Tutors' Biographies:

  • Jing Gao, received the BEng and MEng degrees, both in Computer Science from Harbin Institute of Technology, China, in 2002 and 2004, respectively. She is currently working toward the Ph.D. degree in the Department of Computer Science, University of Illinois at Urbana Champaign. She is broadly interested in data and information analysis with a focus on data mining and machine learning. In particular, her research interests include ensemble methods, transfer learning, mining data streams and anomaly detection. She has published more than 20 papers in refereed journals and conferences, including KDD, NIPS, ICDCS, ICDM and SDM conferences.

  • Wei Fan, received his PhD in Computer Science from Columbia University in 2001 and has been working in IBM T.J.Watson Research since 2000. He published more than 60 papers in top data mining, machine learning and database conferences, such as KDD, SDM, ICDM, ECML/PKDD, SIGMOD, VLDB, ICDE, AAAI, ICML etc. Dr. Fan has served as Area Chair, Senior PC of SIGKDD'06, SDM'08 and ICDM'08/09, sponsorship co-chair of SDM'09, award committee member of ICDM'09, as well as PC of several prestigious conferences in the area including KDD'09/08/07/05, ICDM'07/06/05/04/03, SDM'09/07/06/05/04, CIKM'09/08/07/06, ECML/PKDD'07/06, ICDE'04, AAAI'07, PAKDD'09/08/07, EDBT'04, WWW'09/08/07, etc.
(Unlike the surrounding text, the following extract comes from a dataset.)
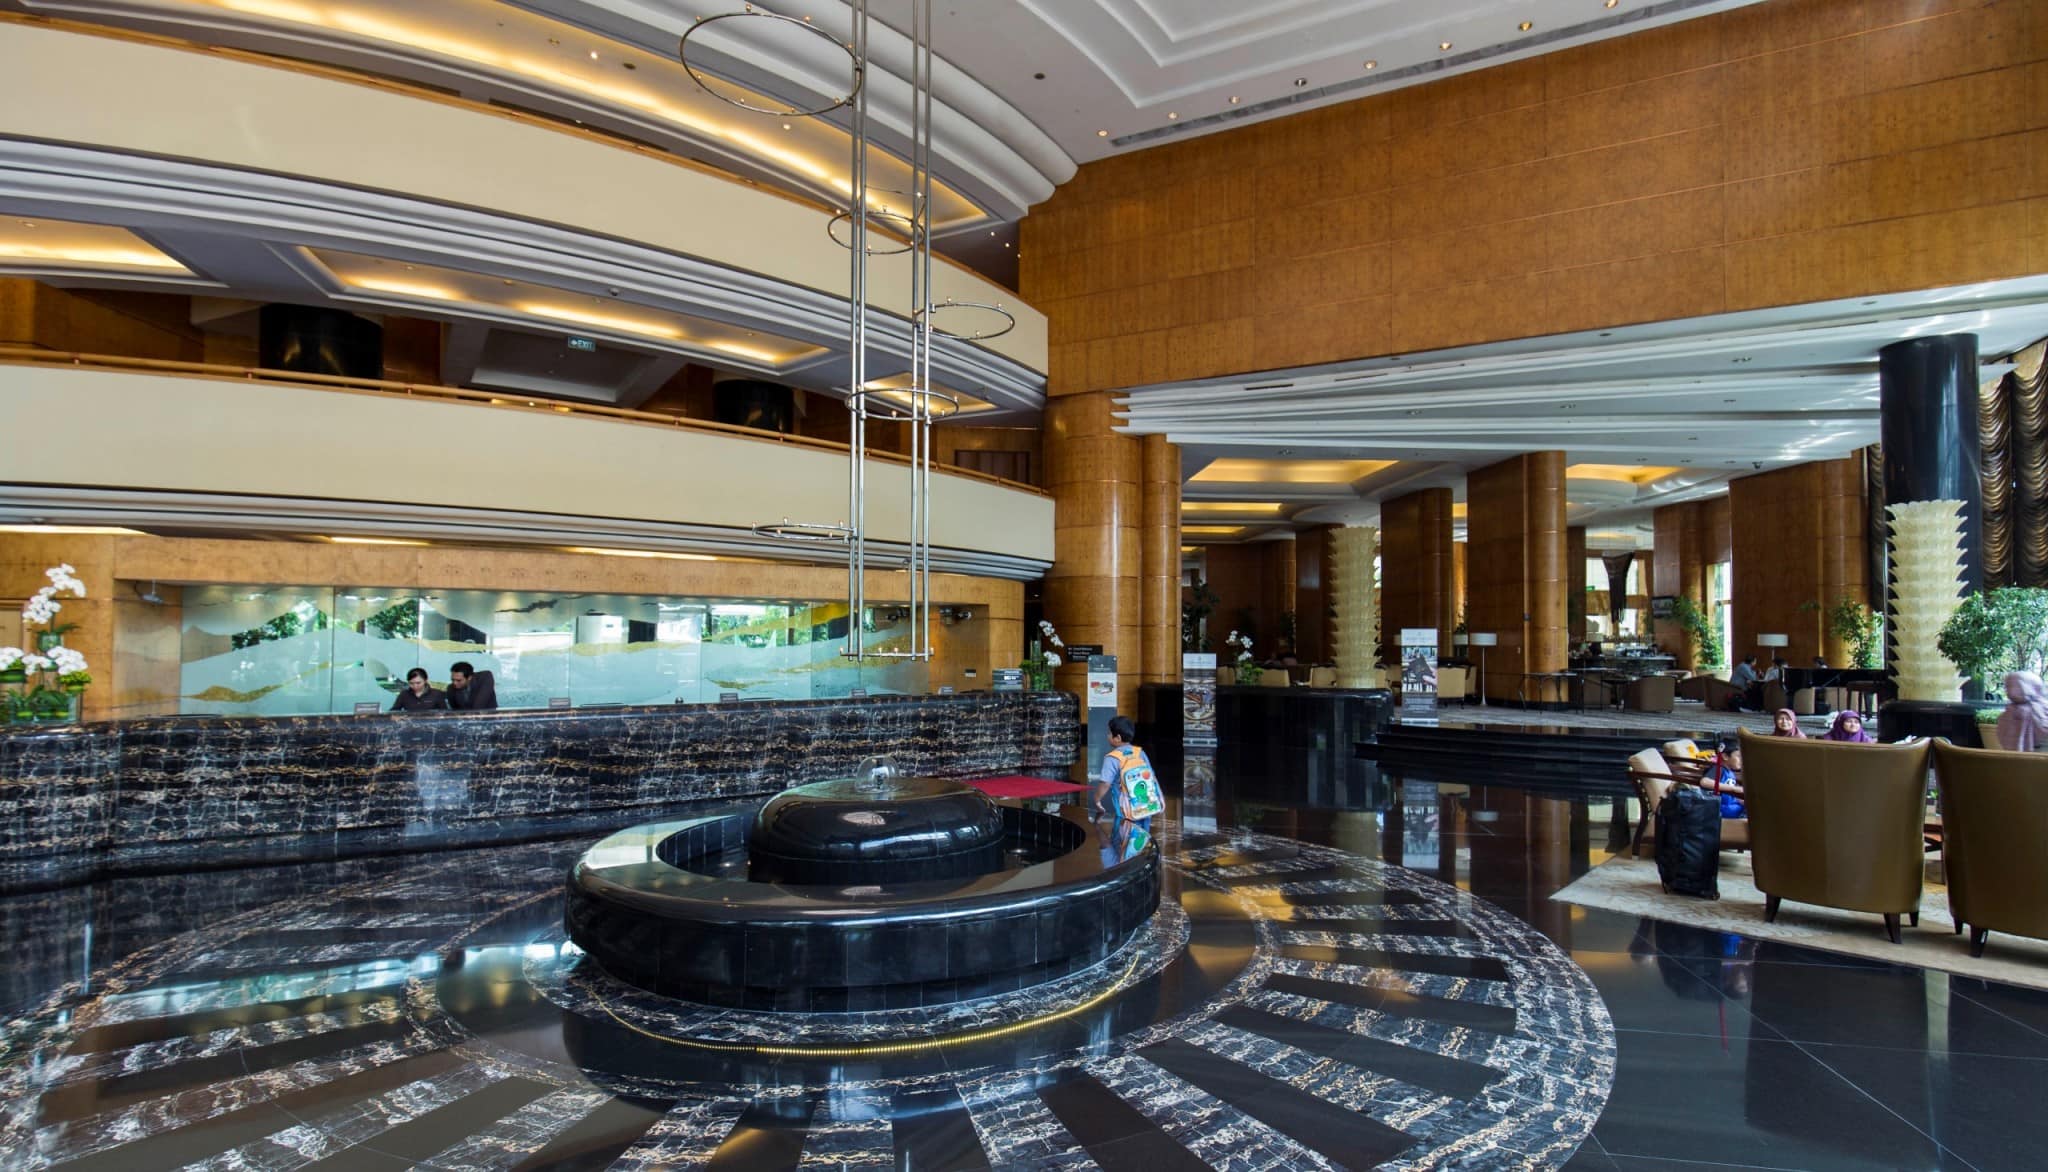 INDONESIA - Intercontinental Jakarta Midplaza; a central luxury

He is on the advisory board of KD2U. Dr. Fan was invited to speak at ICMLA'06. He served as US NSF panelist in 2007/08. His main research interests and experiences are in various areas of data mining and database systems, such as, risk analysis, high performance computing, extremely skewed distribution, cost-sensitive learning, data streams, ensemble methods, easy-to-use nonparametric methods, graph mining, predictive feature discovery, feature selection, sample selection bias, transfer learning, novel applications and commercial data mining systems. He is particularly interested in simple, unconventional, but effective methods to solve difficult problems. His thesis work on intrusion detection has been licensed by a start-up company since 2001. His co-teamed submission that uses Random Decision Tree has won the ICDM'08 Contest Crown Awards. His co-authored paper in ICDM'06 that uses "Randomized Decision Tree" to predict skewed ozone days won the best application paper award. His co-authored paper in KDD'97 on distributed learning system "JAM" won the runner-up best application paper award.
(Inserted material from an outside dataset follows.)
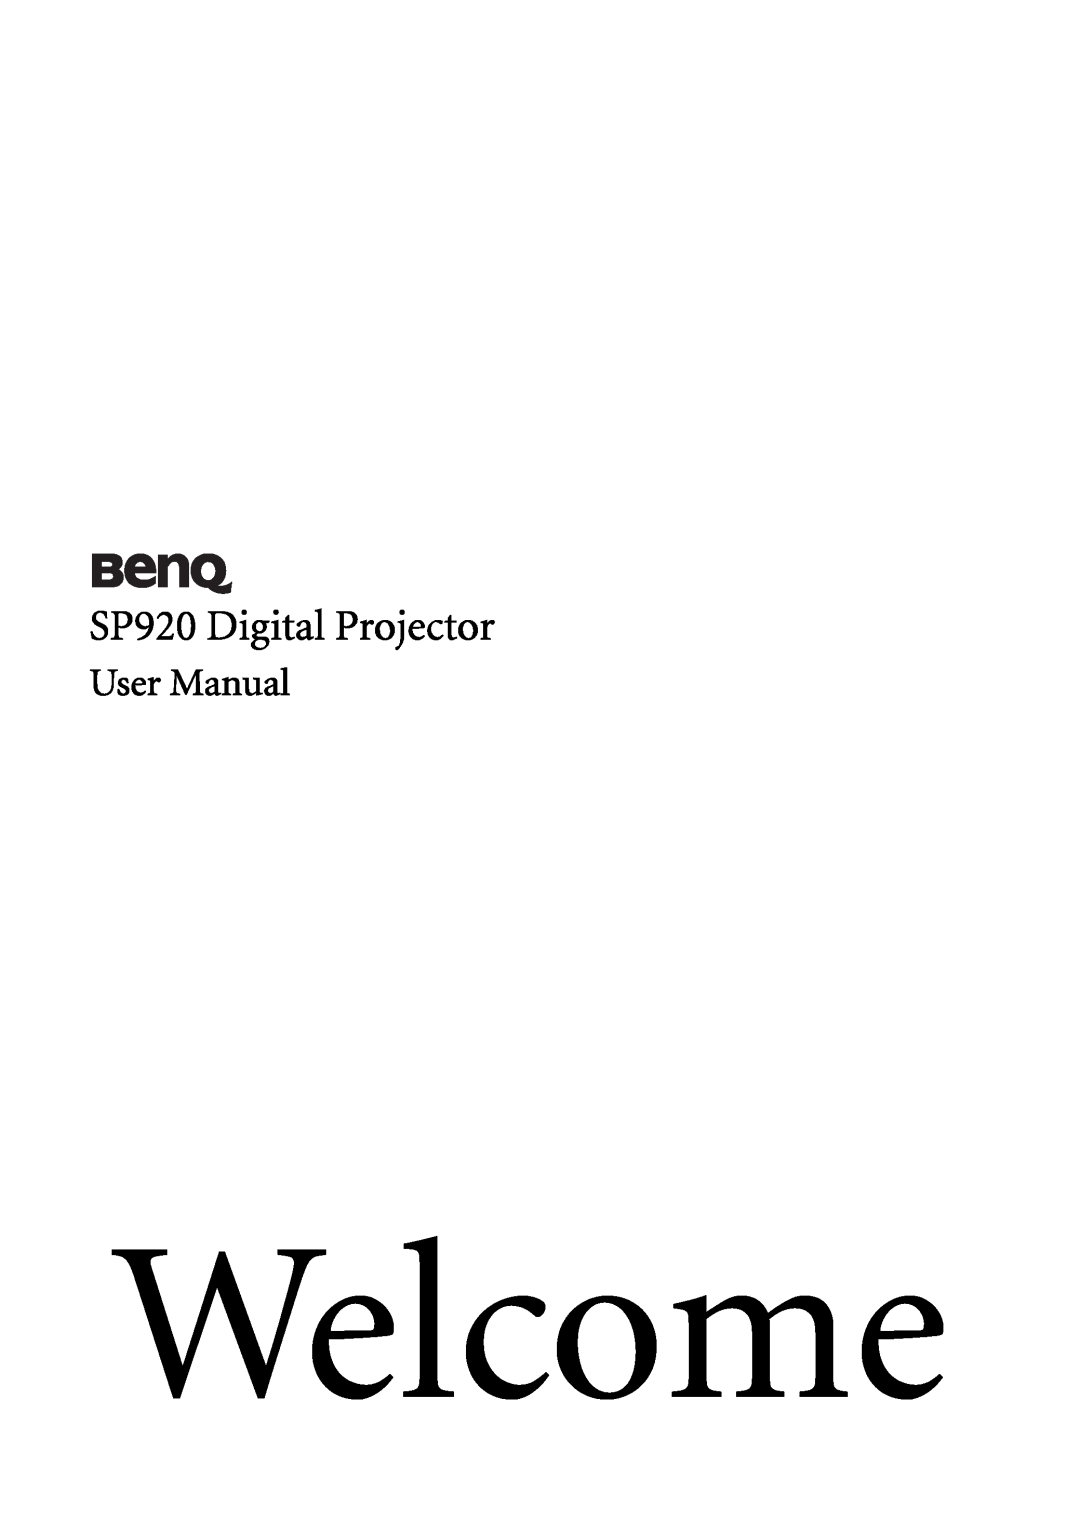 BenQ user manual SP920 Digital Projector, Welcome, User Manual

  • Jiawei Han (Ph.D., Univ. of Wisconsin at Madison), is a professor in the Department of Computer Science, University of Illinois at Urbana-Champaign. He has been working on research into data mining, data warehousing, stream data mining, spatial and multimedia data mining, and bio-medical data mining, with over 300 conference and journal publications. He has chaired or served in over 100 program committees of international conferences and workshops, including ACM SIGKDD Conferences (2001 best paper award chair, 2002 student award chair, 1996 PC co-chair), SIAM-Data Mining Conferences (2001 and 2002 PC co-chair), ACM SIGMOD Conferences (2000 exhibit program chair), International Conferences on Data Engineering (2004 and 2002 PC vice-chair), International Conferences on Data Mining (2005 PC co-chair) and International Conference on Very Large Data Bases (2006 VLDB Americas Chair). He also served or is serving as EIC of ACM Transactions on Knowledge Discovery from Data and on the editorial boards for Data Mining and Knowledge Discovery, IEEE Transactions on Knowledge and Data Engineering, Journal of Intelligent Information Systems, and Journal of Computer Science and Technology. Jiawei has received the Outstanding Contribution Award at the 2002 International Conference on Data Mining, ACM Service Award (1999) and ACM SIGKDD Innovations Award (2004), and IEEE CS Technical Achievement Award (2005). He is an ACM and IEEE Fellow. He is the first author of the textbook "Data Mining: Concepts and Techniques" 2nd ed., (Morgan Kaufmann, 2006).